The small airways are particularly affected early in the disease, initially without the development of any significant breathlessness. This initial inflammation of the small airways is reversible and accounts for the improvement in airway function if smoking is stopped early. In later stages the inflammation continues, even if smoking is stopped.
Further progression of the airways disease leads to progressive squamous cell metaplasia, and fibrosis of the bronchial walls. The physiological consequence of these changes is the development of airflow limitation. If the airway narrowing is combined with emphysema (causing loss of the elastic recoil of the lung with collapse of small airways during expiration) the resulting airflow limitation is even more severe.
Emphysema is defined pathologically as dilatation and destruction of the lung tissue distal to the terminal bronchiole. It is classified according to the site of damage:
■ Centri-acinar emphysema. Distension and damage of lung tissue is concentrated around the respiratory bronchioles, whilst the more distal alveolar ducts and alveoli tend to be well preserved. This form of emphysema is extremely common; when of modest extent, it is not necessarily associated with disability. Severe centri-acinar emphysema is associated with substantial airflow limitation.

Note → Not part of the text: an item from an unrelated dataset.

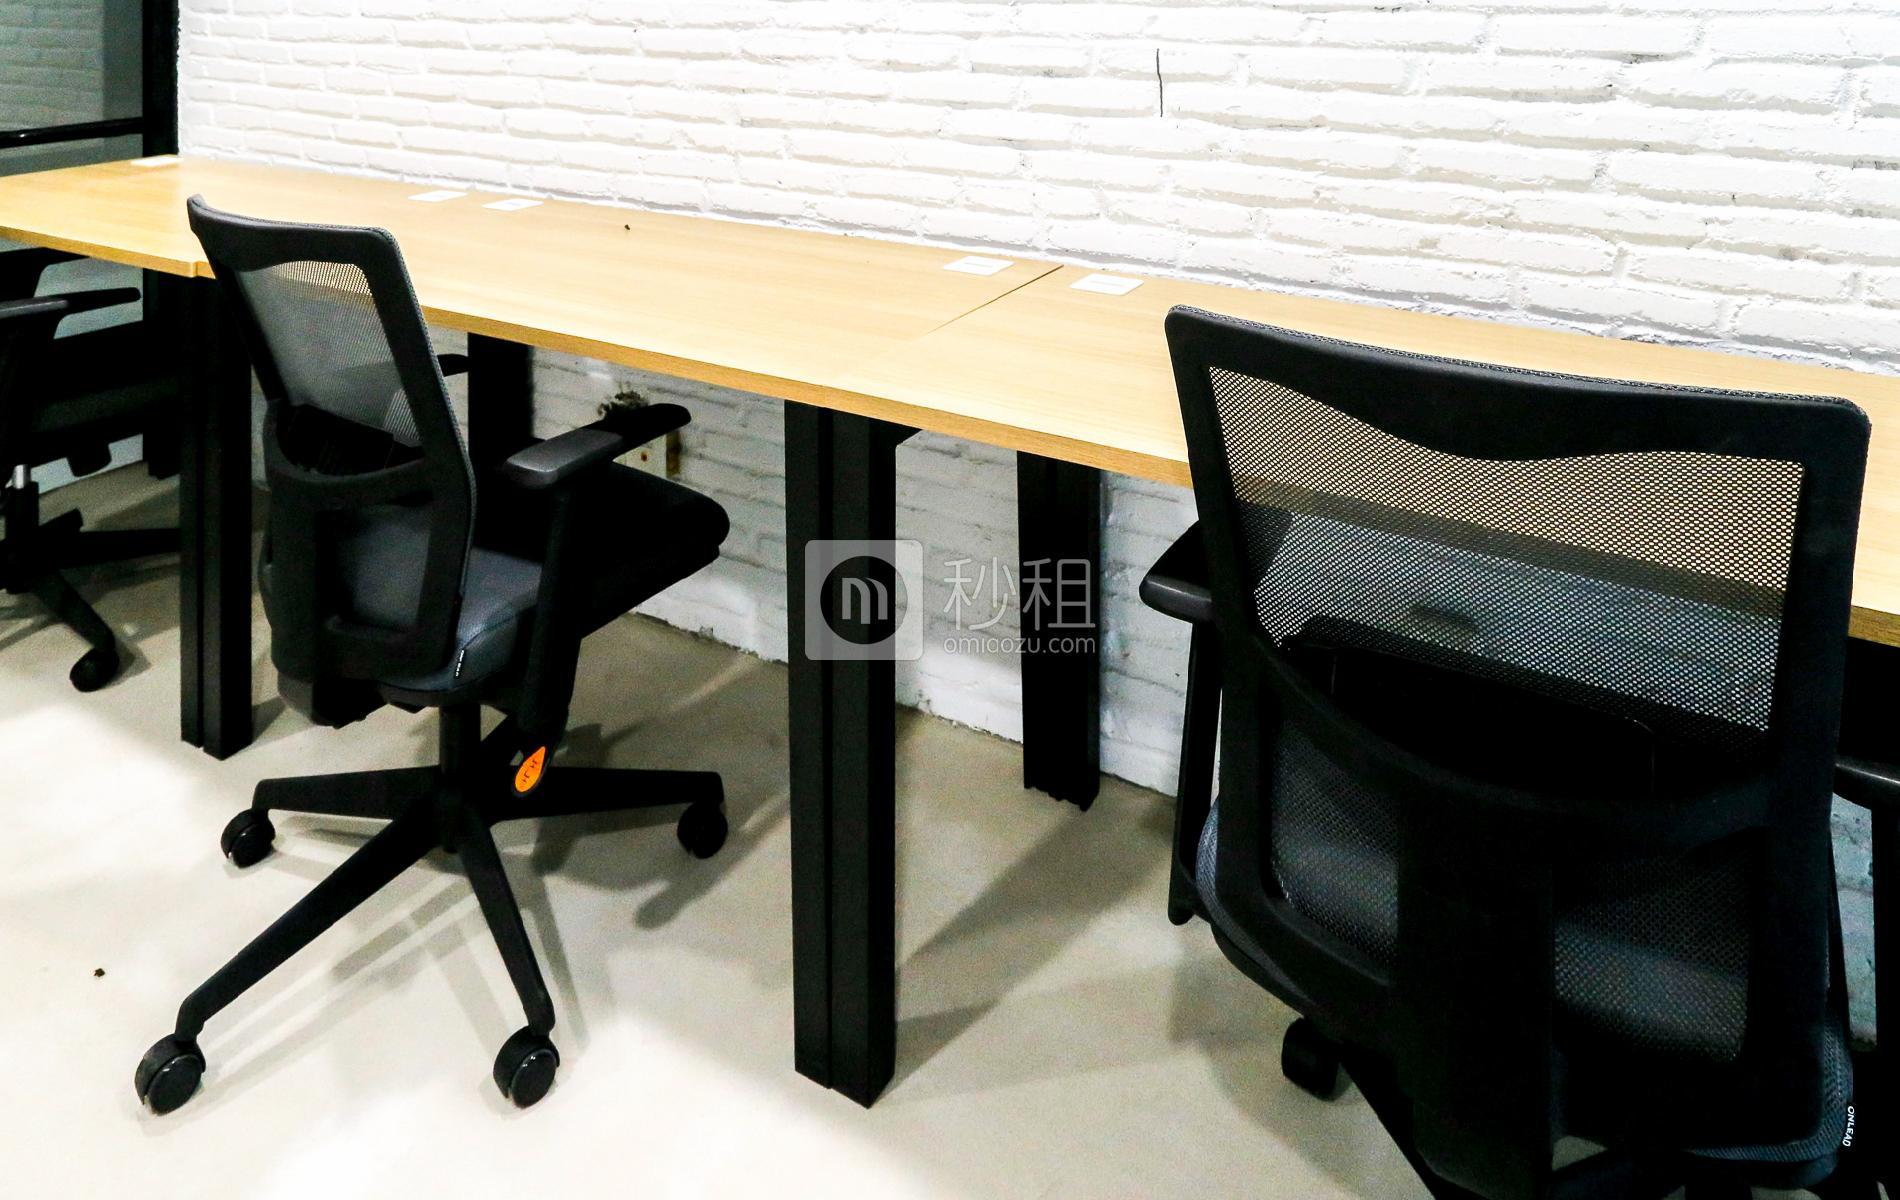 园博园-Ibase X Wedo写字楼出租115平米豪装办公室22610元/间.月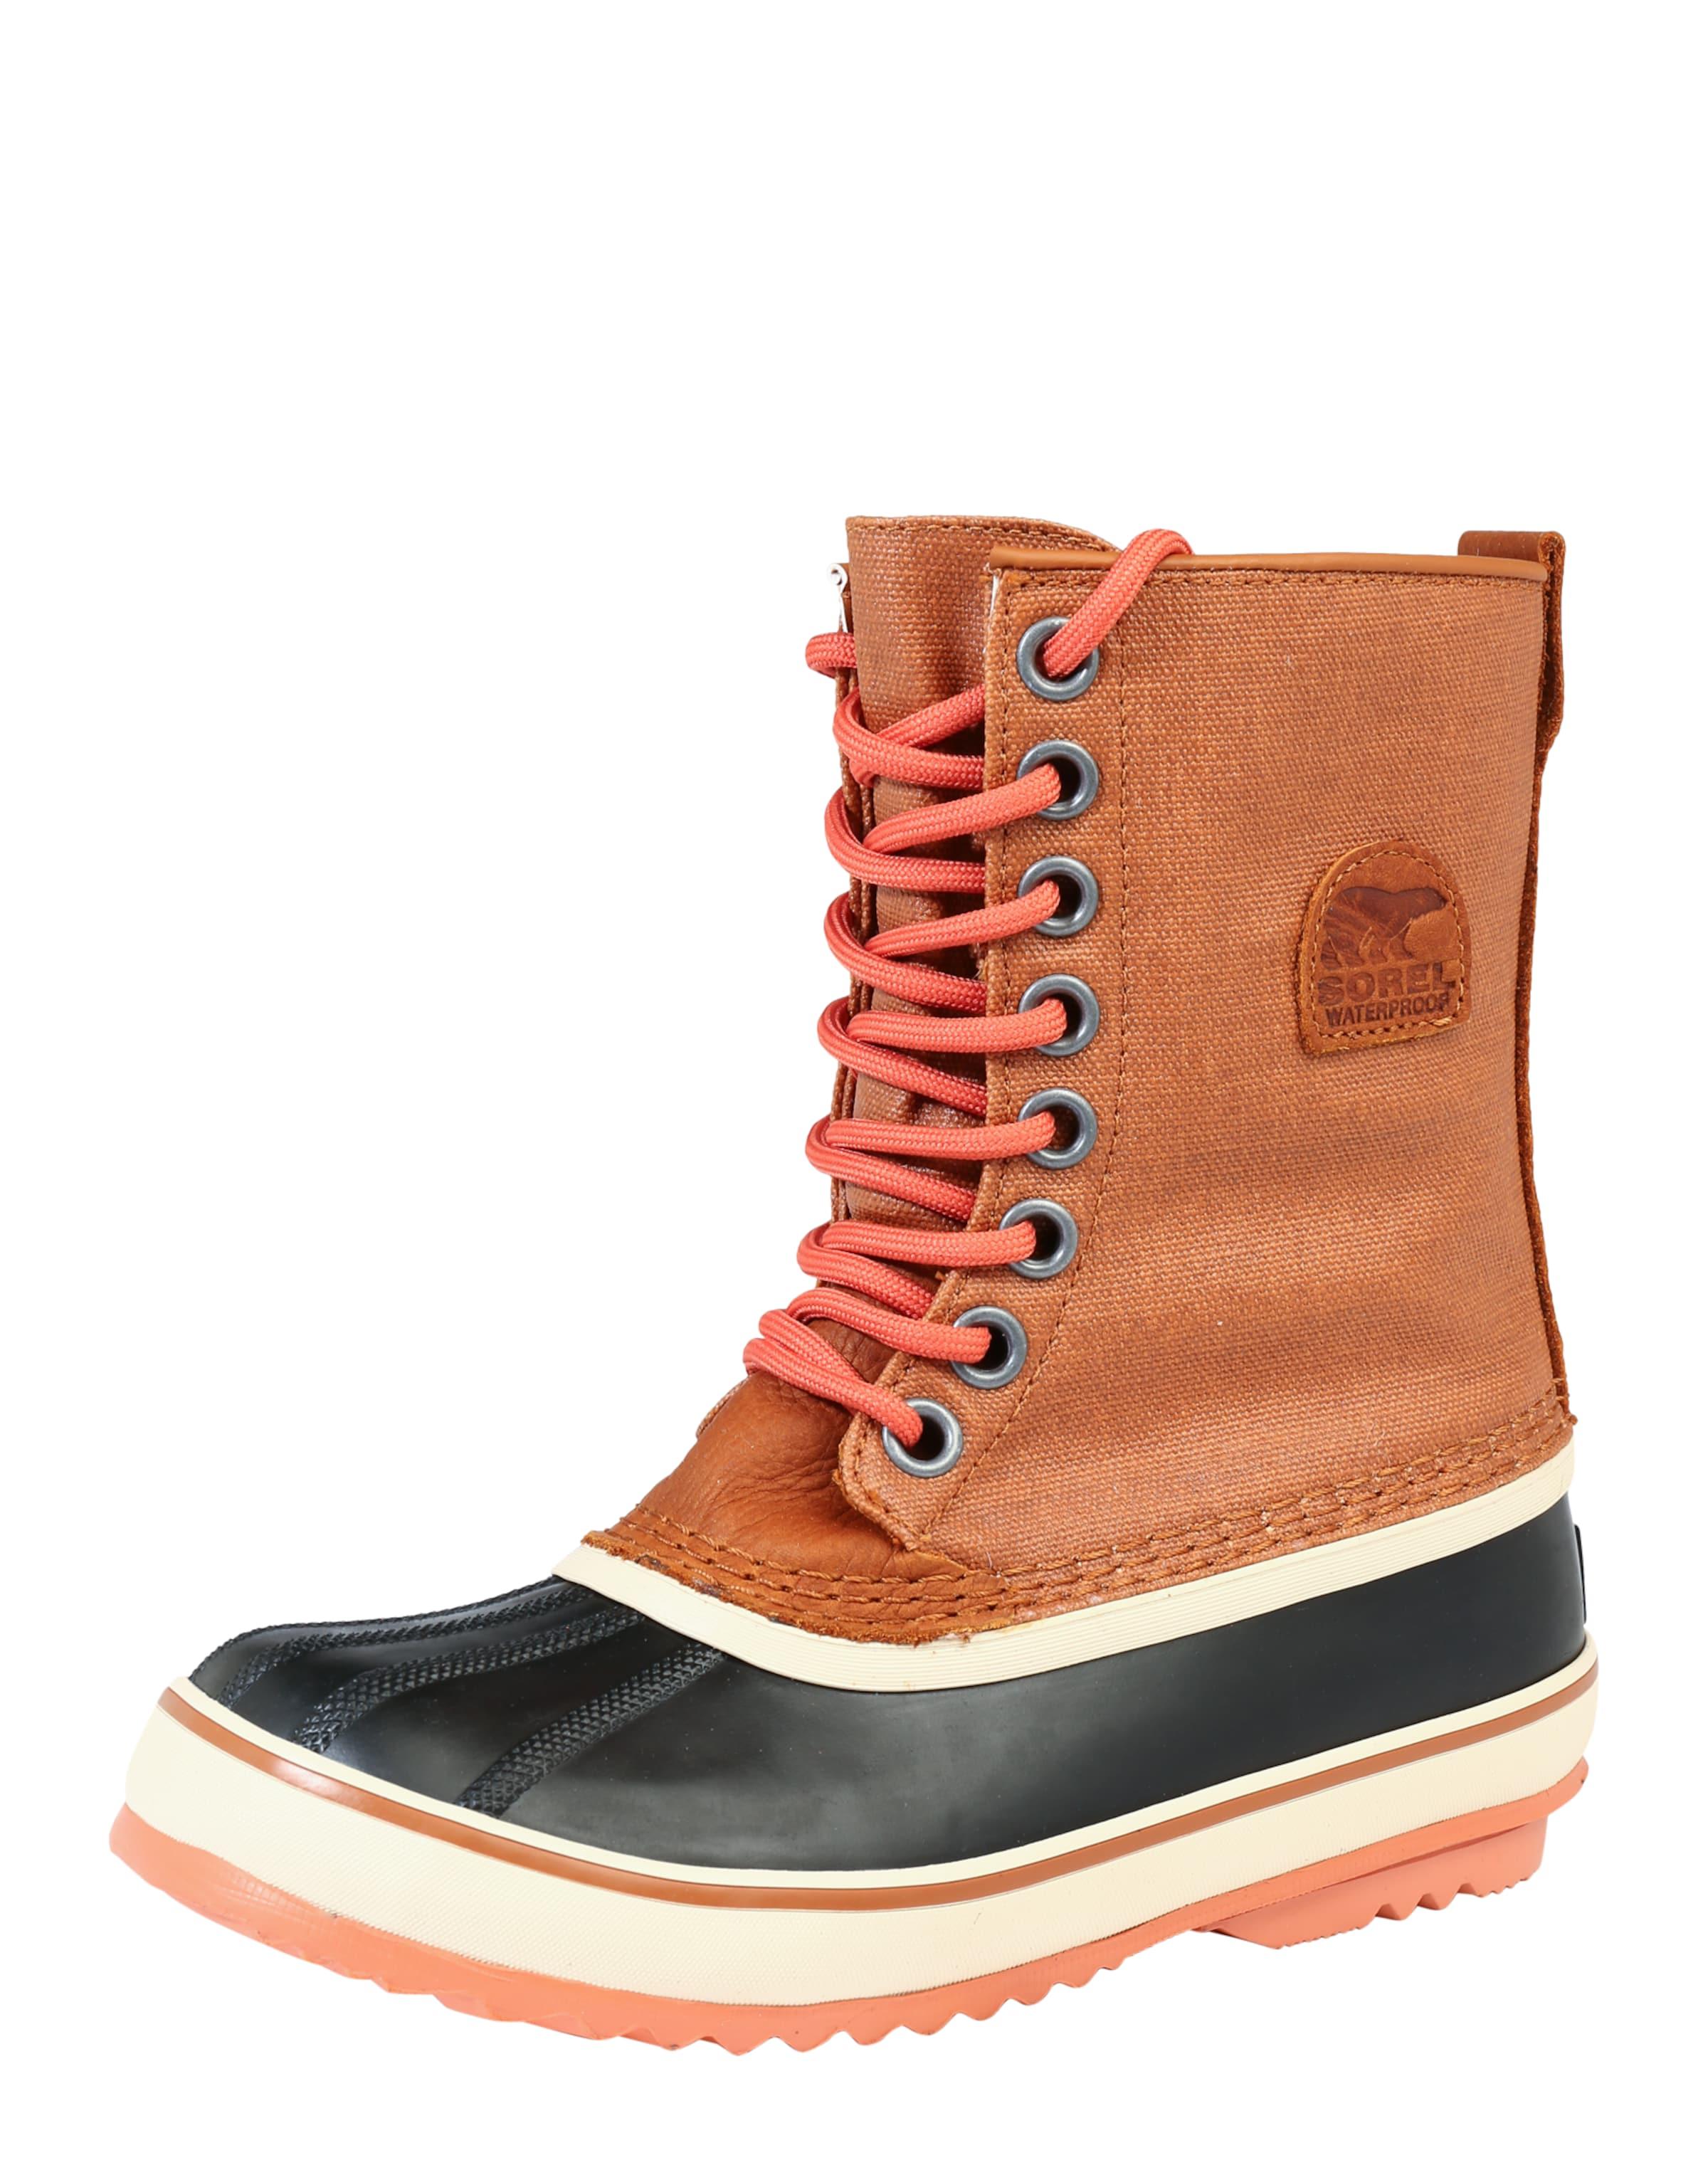 SOREL Schneestiefel 1964 Premium Verschleißfeste billige Schuhe

■ Pan-acinar emphysema. This is less common. Distension and destruction appear to involve the whole of the acinus, and in the extreme form the lung becomes a mass of bullae. Severe airflow limitation and VA Q mismatch occur. This type of emphysema occurs in α1-antitrypsin deficiency.
■ Irregular emphysema. There is scarring and damage affecting the lung parenchyma patchily without particular regard for acinar structure.
Emphysema leads to expiratory airflow limitation and air trapping. The loss of lung elastic recoil results in an increase in TLC, and premature closure of airways limits expiratory flow while the loss of alveoli results in decreased capacity for gas transfer.
VA Q mismatch occurs partly because of damage and mucus plugging of smaller airways from chronic inflammation, and partly because of the rapid expiratory closure of the smaller airways owing to loss of elastic recoil from emphysema. This leads to a fall in PaO2 and an increase in the work of respiration.
CO2 excretion is not impaired to the same extent and indeed many patients will show low normal PaCO2 values due to increasing their ventilation in an attempt to maintain normal blood gases by increasing their respiratory effort. Other patients fail to maintain their respiratory effort and as a consequence their CO2 levels increase. In the short term, this rise in CO2 leads to stimulation of respiration but in the long term, these patients often become insensitive to CO2 and come to depend on hypoxaemia to drive their ventilation. These patients appear less breathless and because of their reduced O2 saturation, they start to retain fluid and stimulate erythrocyte production (leading to polycythaemia). In consequence they become bloated, plethoric and cyanosed, the typical appearance of the ‘blue bloater’. Attempts to abolish hypoxaemia by administering oxygen can make the situation much worse by decreasing respiratory drive in these patients who depend on hypoxia to drive their ventilation.
The classic Fletcher and Peto studies (Fig. 23) show that there is a loss of 50 mL per year in FEV1 in COPD compared to 20 mL per year in healthy people.
In summary, three mechanisms have been suggested for this limitation of airflow in small airways (< 2 mm in diameter).
■ Loss of elasticity and alveolar attachments of airways due to emphysema. This reduces the elastic recoil and the airways collapse during expiration.
■ Inflammation and scarring cause the small airways to narrow.
■ Mucus secretion which blocks the airways.